You'll need to create a search engine here: https://programmablesearchengine.google.com/
In the package documentation they mention the project_cx which is actually your search engine id, which looks like this: 234903464501239304239:ccxz234er

Video clip editing

That's pretty much a no brainer, we used the package MoviePy.

Even though you might struggle a bit to debug issues related to Image Magick, the documentation is pretty well made.

This link saved me when MoviePy couldn't find Image Magick: https://github.com/Zulko/moviepy/issues/693#issuecomment-355587113

Also be careful when using subtitles, you'll need to have the selected font installed on your system.

The dev 🧑‍💻

Without going into the details you'll find those 2 mains classes:

TranscriptFactory: used to translate the song to lyrics
ClipMakerFactory: used to create the video clip

I eventually added a few useful functions to upload things to a GCP bucket, delete locally downloaded images and more importantly the ability to get an audio file from a YouTube link, which makes the module easier to use.
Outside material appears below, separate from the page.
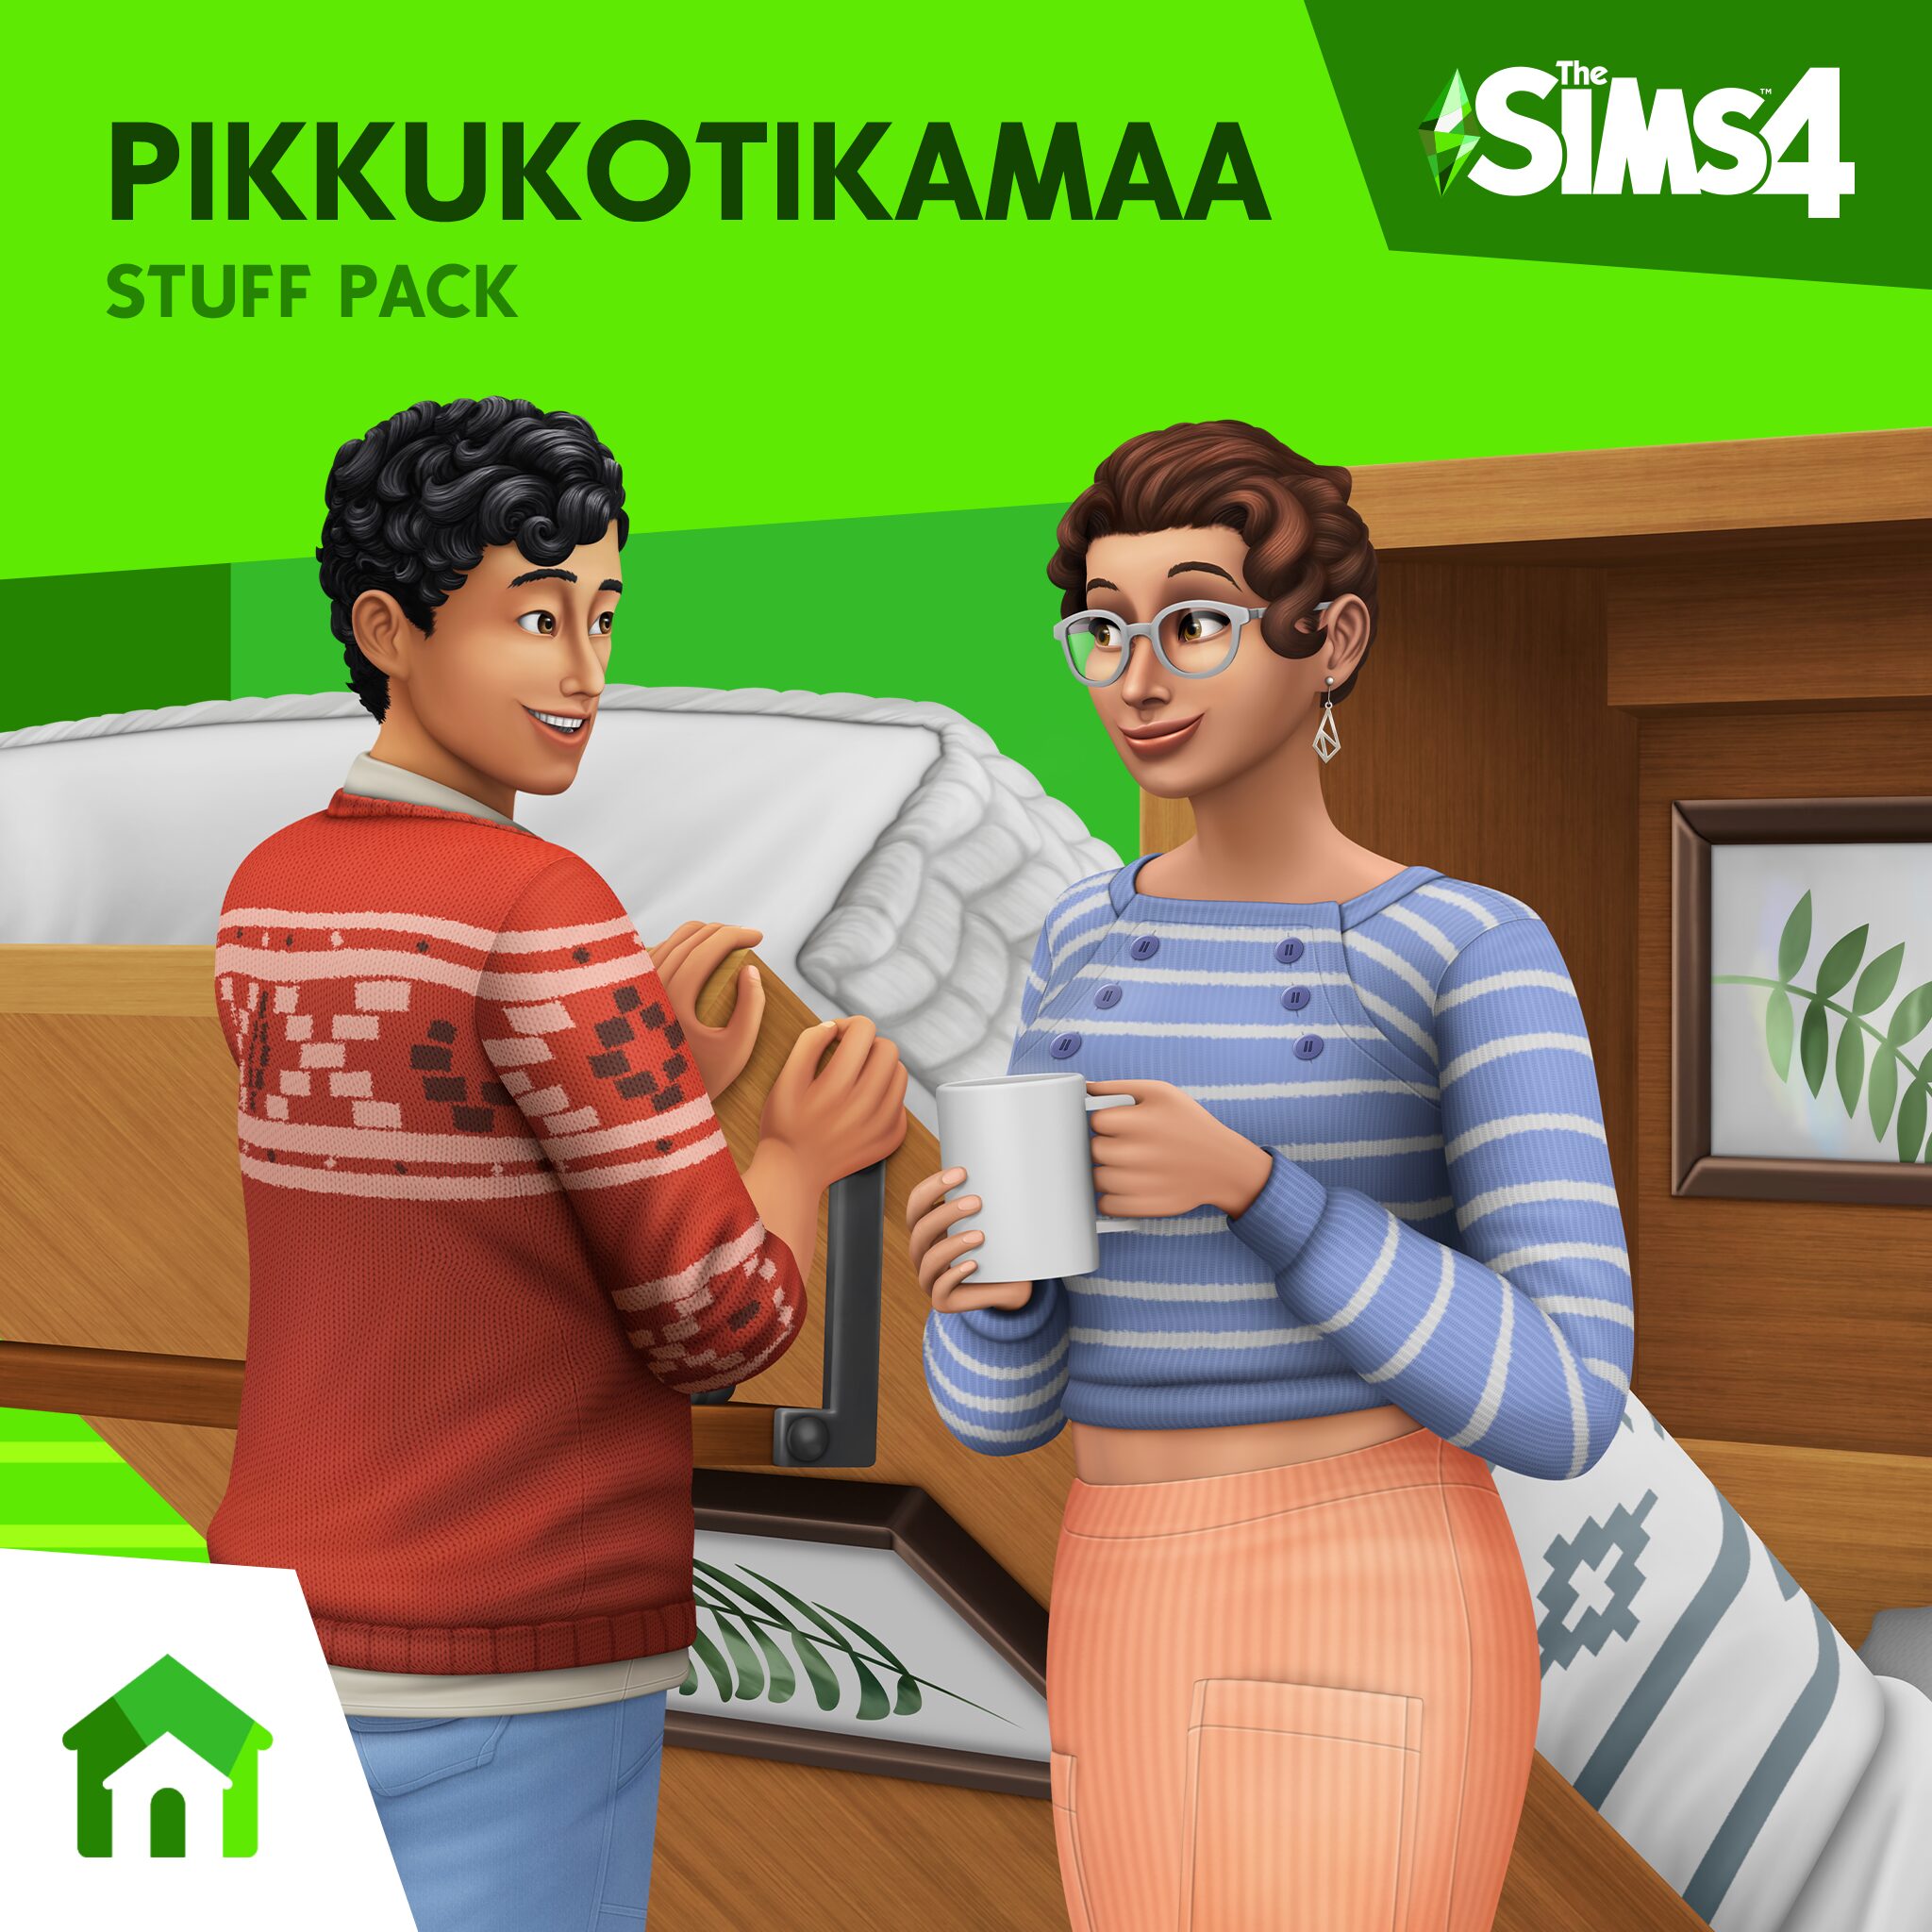 The Sims™ 4 Pikkukotikamaa Stuff Pack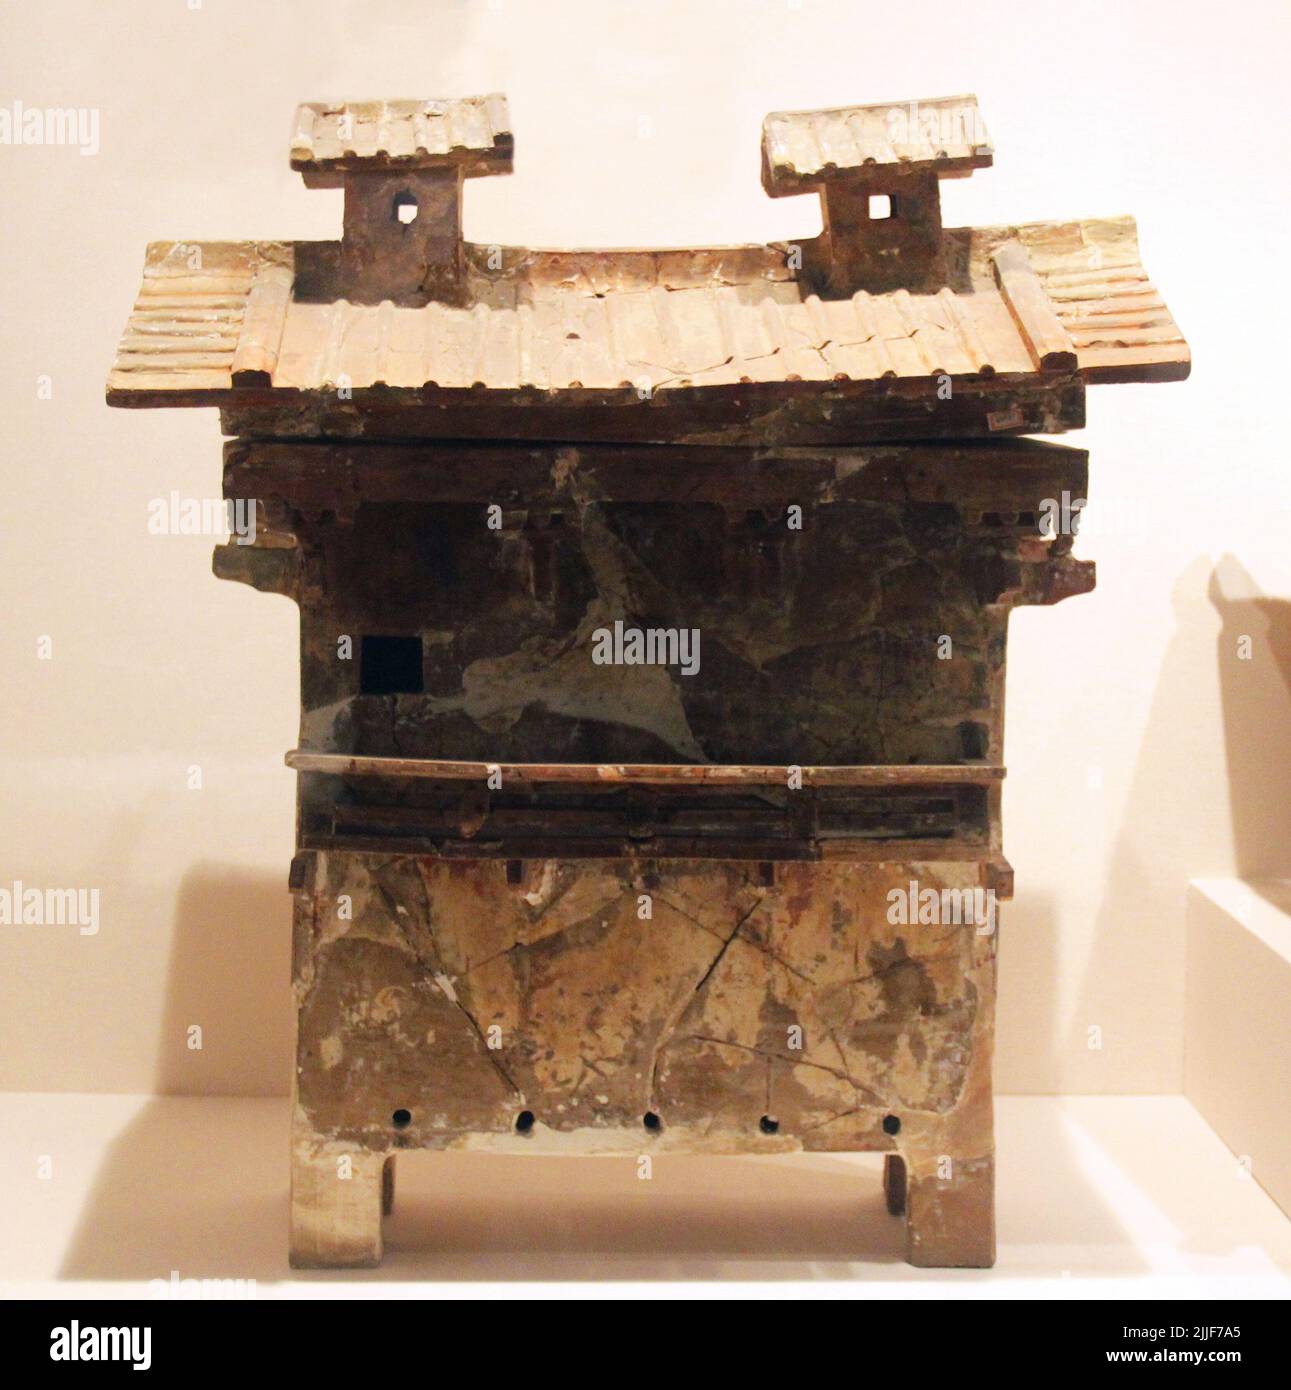 Cina: Modello in ceramica di un granaio, dinastia Han orientale (25-220 CE), Museo Provinciale di Shandong, Jinan. La dinastia Han era una dinastia imperiale che governò durante un'epoca d'oro nella storia cinese e da allora ha influenzato l'identità della civiltà cinese. Fondata per la prima volta dall'imperatore Gao (Liu Bang), fu brevemente usurpata dalla dinastia Xin (9-23 d.C.), così è separata in due periodi: L'Han occidentale (202 a.C. - 9 d.C.) e l'Han orientale (25-220 d.C.). La porcellana e la ceramica sono state realizzate in grande quantità durante gli anni della Dinastia Han, con sviluppi in nuove tecniche e forme d'arte leader Foto Stock

And finally here is the complete process to create a video:

Use a YouTube link => extract audio file and upload to the bucket
Extract the lyrics and timestamps with Google speech-to-text
Iterate over the words to get images from Google Image
Create individual temporary image clip for each word
Concatenate the clips and add the music
Upload video to the bucket

Example of usage

Full code: example usage on GitHub

Result 📼

The results are pretty convincing and quite funny 😄.

It's sometimes hard to see why some images have been selected. It's important to understand that the program is first looking for high resolution images and taking the first result. Also, here are some params I used:

_search_params = {
  "fileType": "jpg",
  "safe": "medium",
  "imgColorType": "color",
}

So those specific parameters sometimes produce interesting results to say the least.

There is a lot of things to take into account in order to not hurt people. The parameter safe is doing a good job at keeping the images "friendly" but sometimes it's more delicate. Like a few times for the word "down" the program would use a picture of someone having the down syndrome, or for the word "Turkey" it would show the recent earthquake that happened in the country.

There is a lot of political and moral aspects to consider and the program is not capable of having a critical point of view on this.

Improvement 🚀

I'm pretty happy with the result but not perfect by any means.

The AI speech-to-text struggles a lot when it comes to something else than rap music. Which make sense considering how the artists sing. The first improvement would be to find a different way to get the lyrics and timestamps from the audio. With the recent upgrades in the AI world I wouldn't be surprised if that'd be possible soon (or if someone has the solution in the comments lol).

The processing time is very very long (about 4-5 mins for a 20-30 secs clip). The longest part is the audio recognition.

And finally as I said before, we would need a way to prevent any hurtful pictures to appear in the video clips.